Zijn onderzoek in The Politics of Home toont dat een thuisgevoel ons alleen in heel specifieke omstandigheden overvalt, zoals in een vertrouwde omgeving en in gezelschap van gelijkgestemden van wie we houden. En dat zijn nu net niet de omstandigheden die de democratische politieke arena aan burgers biedt. In die arena moeten zij zich juist (leren) verhouden tot onbekenden, diversiteit en verschil in, zeg, politieke opvattingen, levensstijlen, religie en uiterlijk. Iedereen moet zich in een democratie natuurlijk vrij, veilig en tot op zekere hoogte verbonden voelen, maar thuis - een complexe en veeleisende emotie - is maar zeer de vraag. De taak van de democratie is politiek conflict geweldloos institutionaliseren, niet ieder mogelijk sociaal ongemak wegnemen.

De belofte van de natie als huis is daarmee niet alleen overambitieus, ze leidt ook steevast tot uitsluiting. In plaats van dat politieke discussies over, bijvoorbeeld, minderheidsrechten of activisme besproken worden in een vocabulaire van democratische rechten en plichten draaien deze discussies plots om de gevoelens van huiselijkheid van ‘de gewone Nederlander’. Hijabs in het straatbeeld? De huidskleur van Zwarte Piet wijzigen? Daar gaat ons thuisgevoel!

De metafoor van Nederland als huis plaatst ook migratiediscussies altijd in een context van gastheren, gasten en gastvrijheid: wie mag er in ons huis logeren? Het verbaast dan ook niet dat de bbb stelt dat er een acute asielstop moet komen, omdat ‘ons éigen familieleven wordt aangetast door onze gastvrijheid’. Nu hangen de rechten die asielzoekers en vluchtelingen hebben zodra ze in Nederland aankomen niet af van (al dan niet) aanwezige gevoelens van gastvrijheid, maar van mensenrechten en de democratische rechtsstaat. Het beeld van Nederland als huis – met een logeerkamer voor migranten – helpt ons daarom weinig verder bij het beter begrijpen van het migratievraagstuk, zeker als het asiel betreft.

De kleur van Zwarte Piet wijzigen? Daar gaat ons thuisgevoel!

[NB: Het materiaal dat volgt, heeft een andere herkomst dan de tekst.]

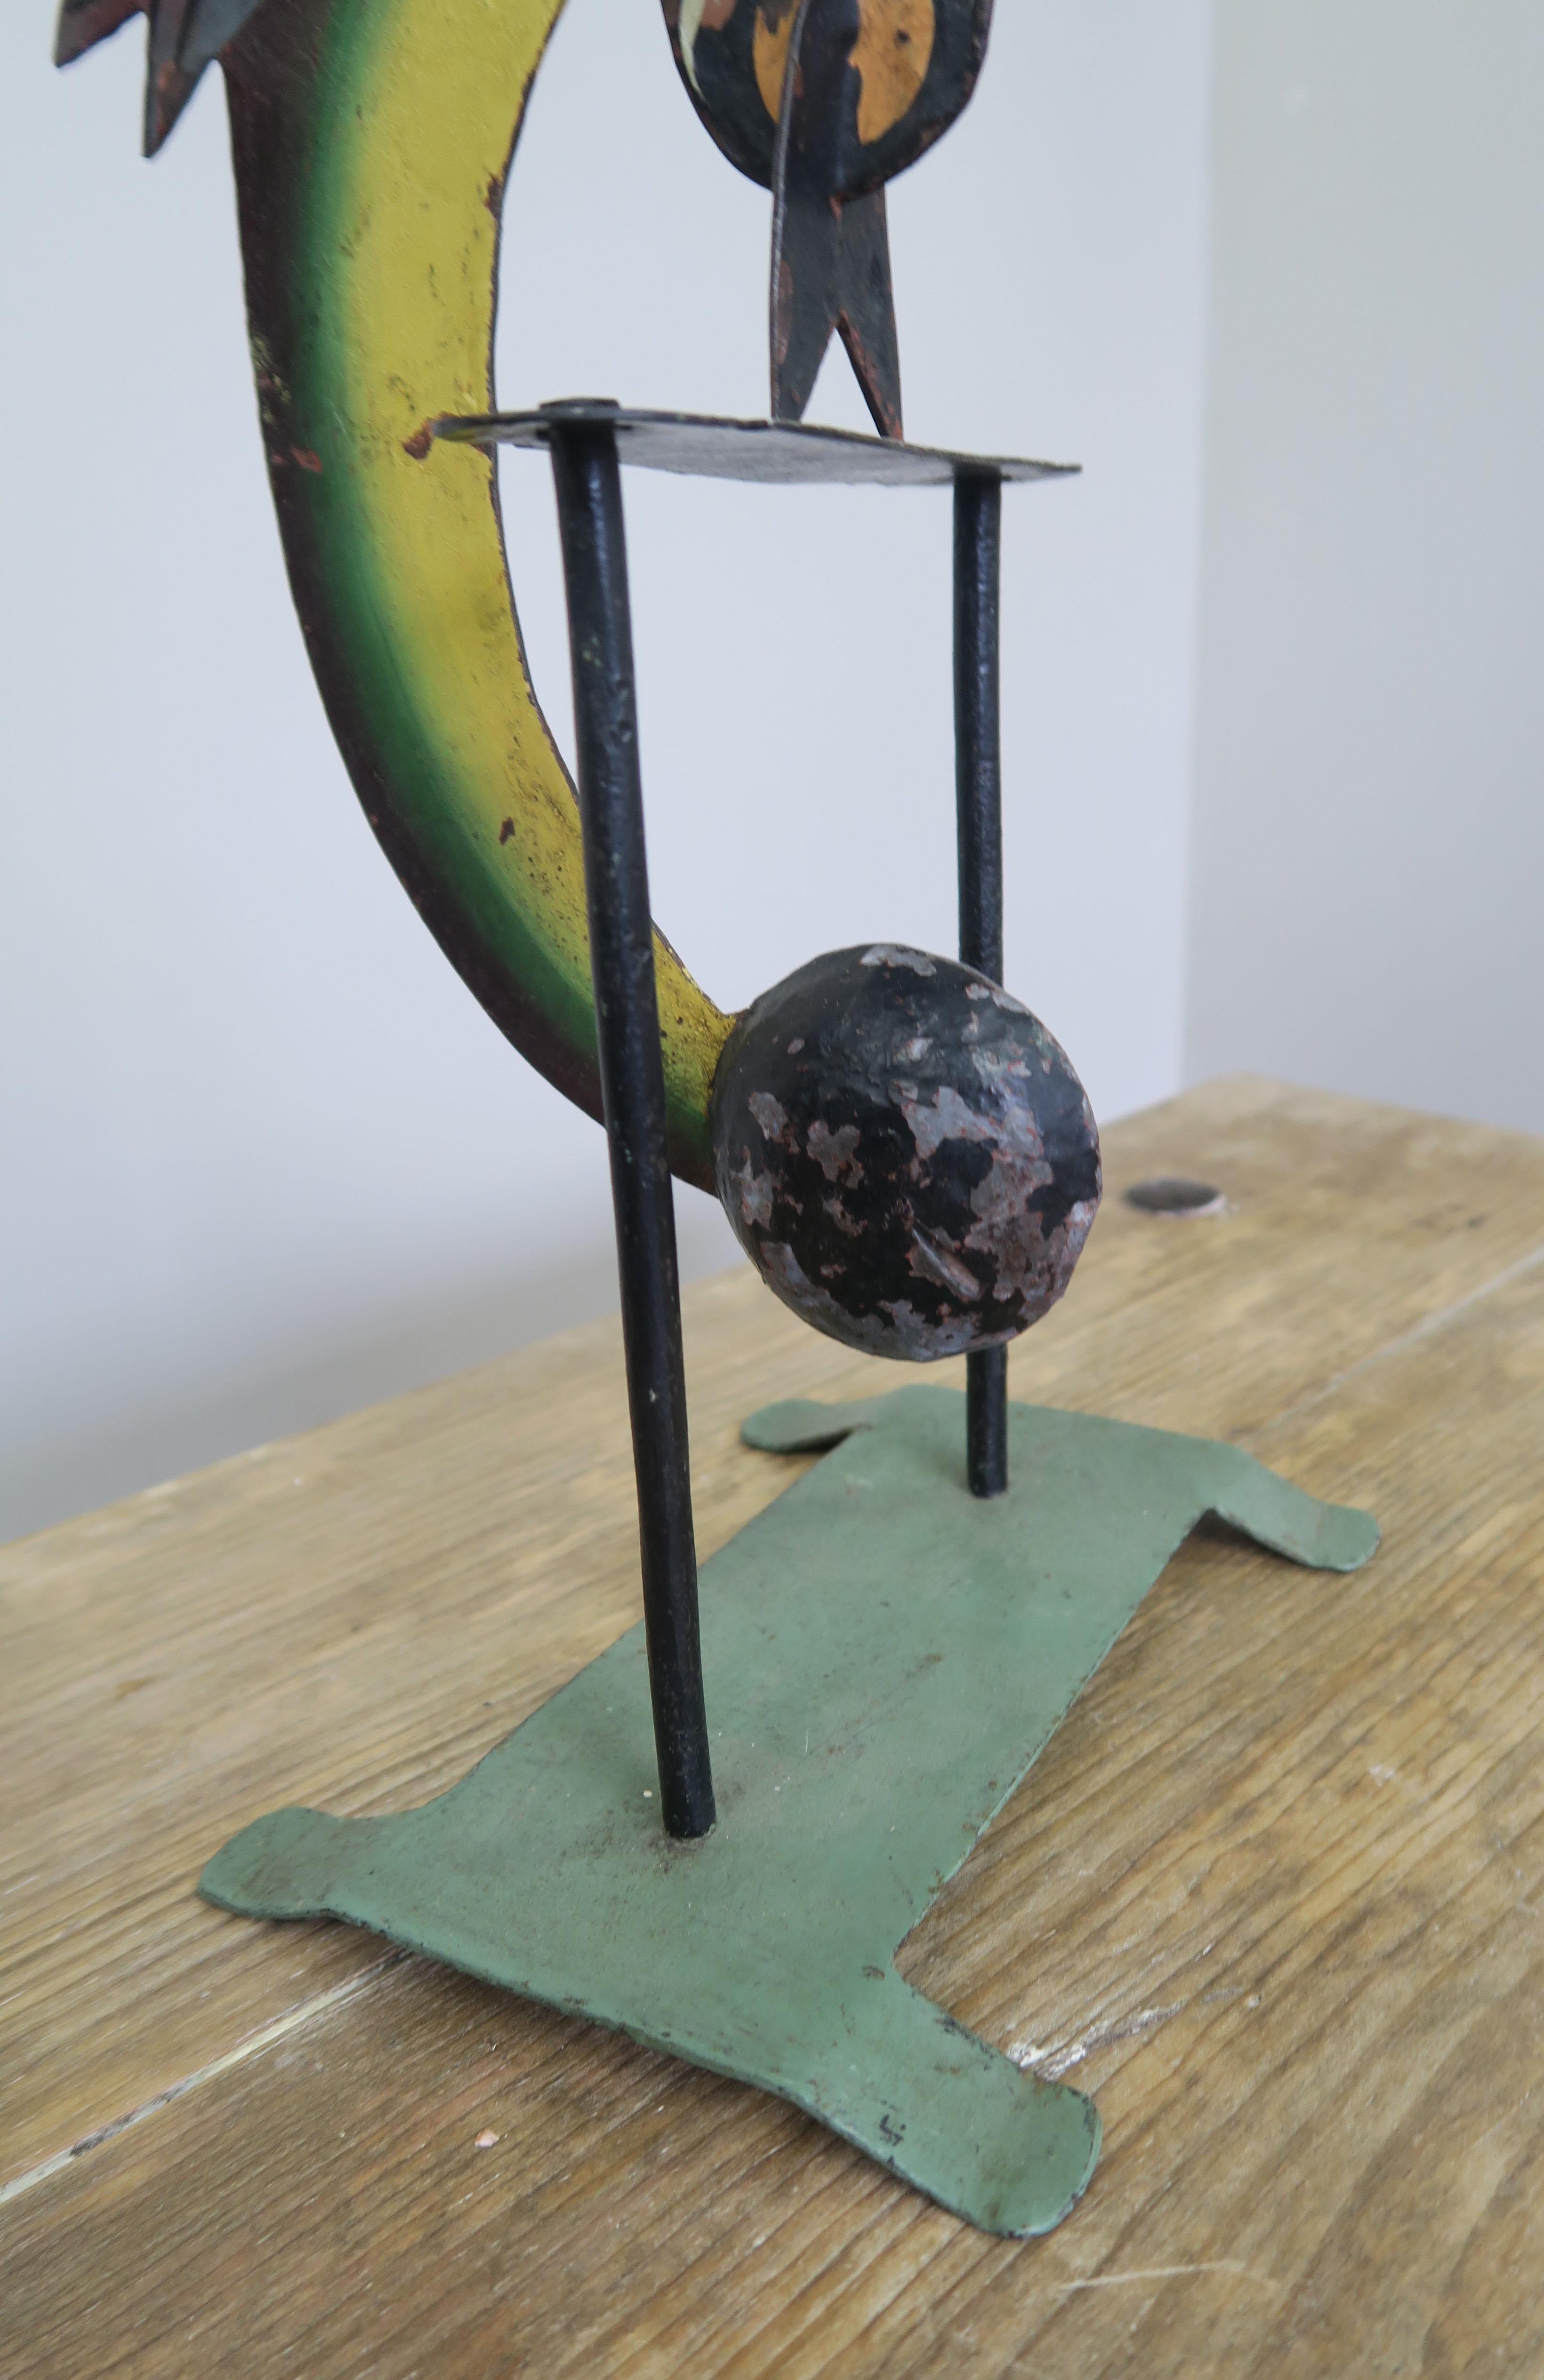 Iron Charming American Folk Art Piece Depicting Balancing Parrot

Dit lijkt de bbb niet te deren. Laten we het Vluchtelingenverdrag uit 1951 aanpassen, stellen ze, dan máken we van Nederland een huis. Hun migratiestandpunten porren daarmee – net als hun stikstofvoorstellen – vol bravoure in de chronische spanning tussen rechtsstaat en democratie die iedere democratische rechtsstaat kent. Waarom is ‘omdat de rechter het zegt’ een argument? Waarom kunnen wij Europese regelgeving of mensenrechtenverdragen niet veranderen?

De politieke tegenstanders van Caroline van der Plas zullen in de komende tijd moeten toegeven dat het uiteraard mogelijk is – en soms terecht kan zijn – verdragen en EU-regels te wijzigen, tenminste, als grote meerderheden dat echt willen. Maar simpel is het niet en het zal ook zeker niet binnenkort lukken. Het huidige vluchtelingenrecht is bijvoorbeeld verankerd in de kernverdragen van de EU. Een relevante vraag is daarom: hoe wil de bbb de juridische kaders gaan wijzigen? Gezien het vigerende recht zullen hun standpunten op de korte termijn niets opleveren, want de rechter zal ingrijpen als regels en rechten geschonden worden. En zonder praktische strategie blijven de belangrijkste beloften van de partij ook op de lange termijn lege hulzen.

Tegelijkertijd zal het niet werken om uitsluitend te benadrukken dat rechtsregels veranderen bewerkelijk kan zijn (noch om direct te capituleren, zoals het cda doet). De huidige tijd vraagt om bevlogen visies waarom klimaatbeleid, stikstofregels en vluchtelingenrecht waardevol zijn, terwijl perspectief en compensatie geboden worden aan mogelijk benadeelden. We voldoen niet aan regels omdat het regels zijn – dat is om veel redenen een armetierige gedachte – maar omdat we ooit om goede redenen met ze instemden.